David Thorpe of Housing Works said that he and Bumpurs met repeatedly with MTA officials and were told that the employees involved would be subject to a disciplinary hearing, but there has been no word on her other requests. The suit, filed on Jan. 30, requests not just compliance but financial redress to compensate Bumpur’s sleepless nights and lost work since the incident.

Thorpe added that Housing Works, which runs a residential facility for homeless people with HIV, has a long and successful track record when it has pursued litigation against the city, and that “this was an employee of ours, as well as a civil rights issue. We had to do it.” And while the MTA has scheduled transgender sensitivity training for its employees, Thorpe and Bumpurs say they have yet to see tangible result.

TLDEF’s Michael Silverman said he is working with both the MTA and the Port Authority police on employee training, but many agree with Housing Works that the pace is painfully slow. Even the very city officials charged with enforcing and publicizing the human rights law admit that progress is painfully slow.

Avery Melman, of the New York City Human Rights Commission, who helped broker the Loehmann’s settlement, said that “the more publicity cases like this get, the more information people have about their rights under the human rights law.” He said that half the battle is getting the word out to people who may not realize they are being discriminated against.

“I’ve spoken at numerous forums regarding the rights of transgendered individuals under the human rights law,” said Melman, “and I’ve had relatively few people approach me in those five years.”

Melman pointed to the Guidelines on Gender Identity (available on his agency’s Website at http://nyc.gov/html/cchr/html/trans_guide.html developed with Silverman and other advocates, and said that there is now “ongoing training at all city agencies” based on the guidelines. He pointed to the relative handful of cases as a hopeful sign: Perhaps most people were getting the message.

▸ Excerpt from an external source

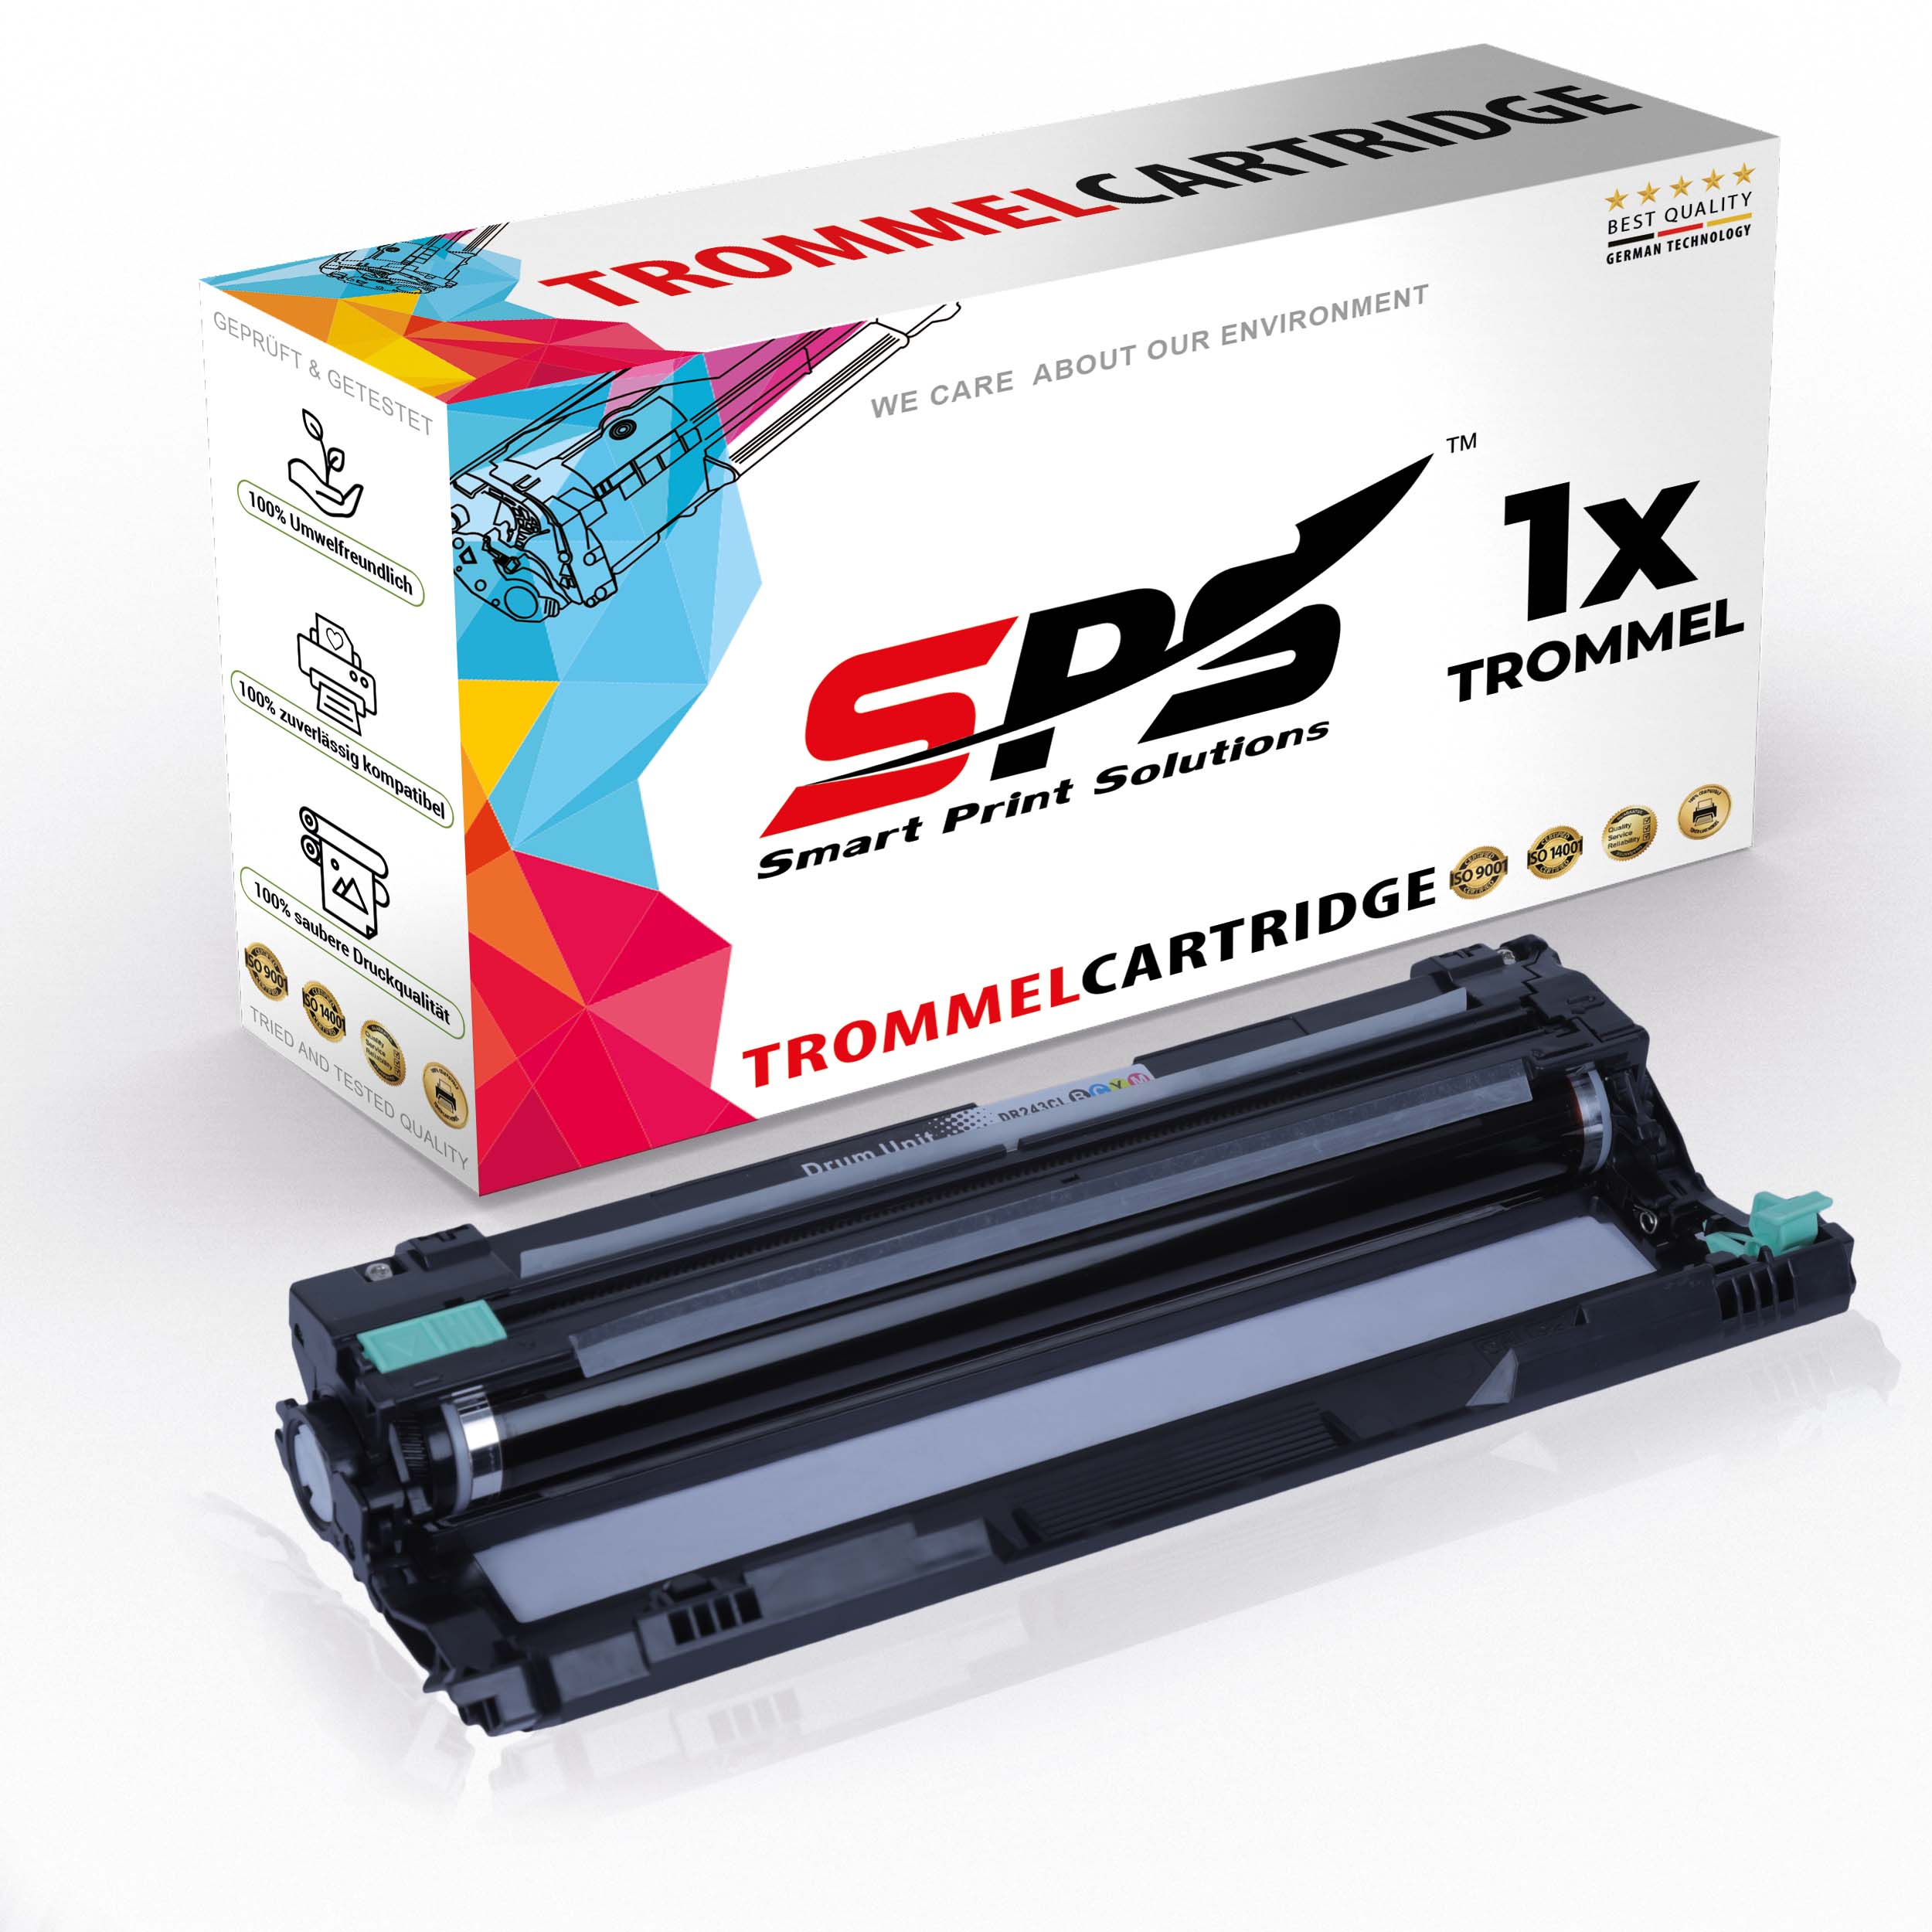 1x High Quality Toner/Reset Black kompatibel zu CLT-K406S für SAMSUNG CLX-3305FW

Silverman respectfully disagrees with that assessment. “I think it remains more the case that people don’t know their rights,” he said. Even so, his office is subject to a stream of calls — more than his attorneys can take on. “We can only take on a small handful.” Public education is a growing, ongoing need, he said.

Pauline Park, director of the New York Association of Gender Rights Advocacy, pointed out that most of the materials printed by the Human Rights Commission are still sitting in that agency’s office, waiting to be distributed. “This law has been on the books since April 2002. To the extent people don’t know about it, I lay this at the feet of the Bloomberg administration,” she said.

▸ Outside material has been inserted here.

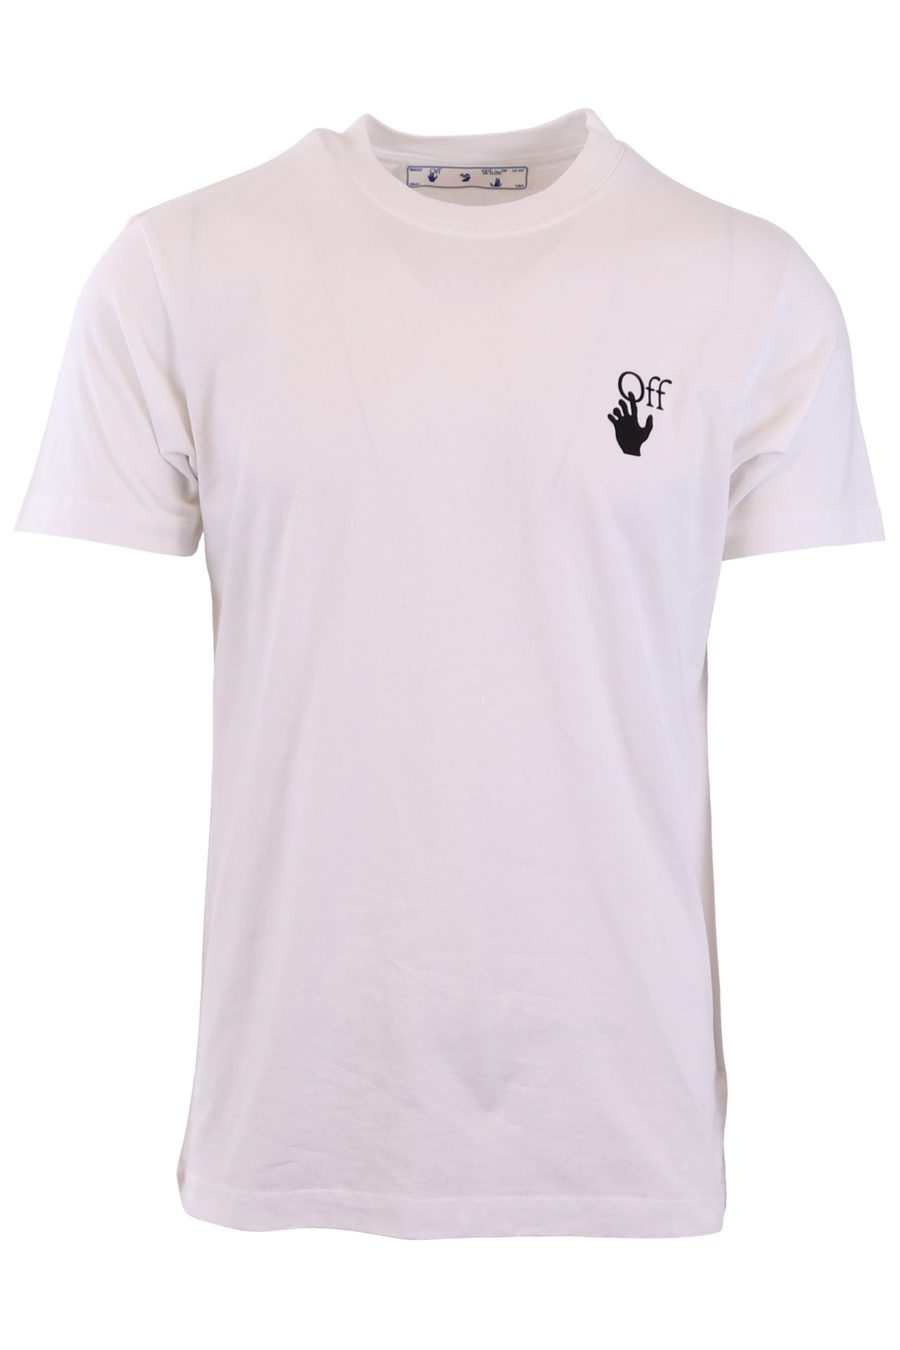 Off-White T-shirt blanc avec flèches rouges - 84f5b2ec14f6b0533d4fb26e7a9decd5ed949954

If Loehmann’s failed to understand they were breaking the law by excluding Jane Garra from public accommodations, Park added, that is a clear indication that this mayoral administration is not doing its job.

“They should be educating employers, landlords,” said Park. “They don’t really take action until they’re pressured.”

None of the slow overall progress detracted from the sort of wary glee with which Garra last approached Loehmann’s recently, when she returned for the first time since the lawsuit began.

Garra had said earlier that her case was “just so important for people, for how they perceive us. New York’s a diverse place. We’re here, and we don’t want to be in the closet any more, so to speak.”

But last Wednesday, she just wanted to fill her own closet as she perused the latest circulars. “I can’t wait to cash in on the sales,” she grinned.

photo caption:

Michael Silverman, lawyer for the Transgender Legal Defense & Education Fund, with his client Jane Galla outside Loehmann’s department store earlier this week.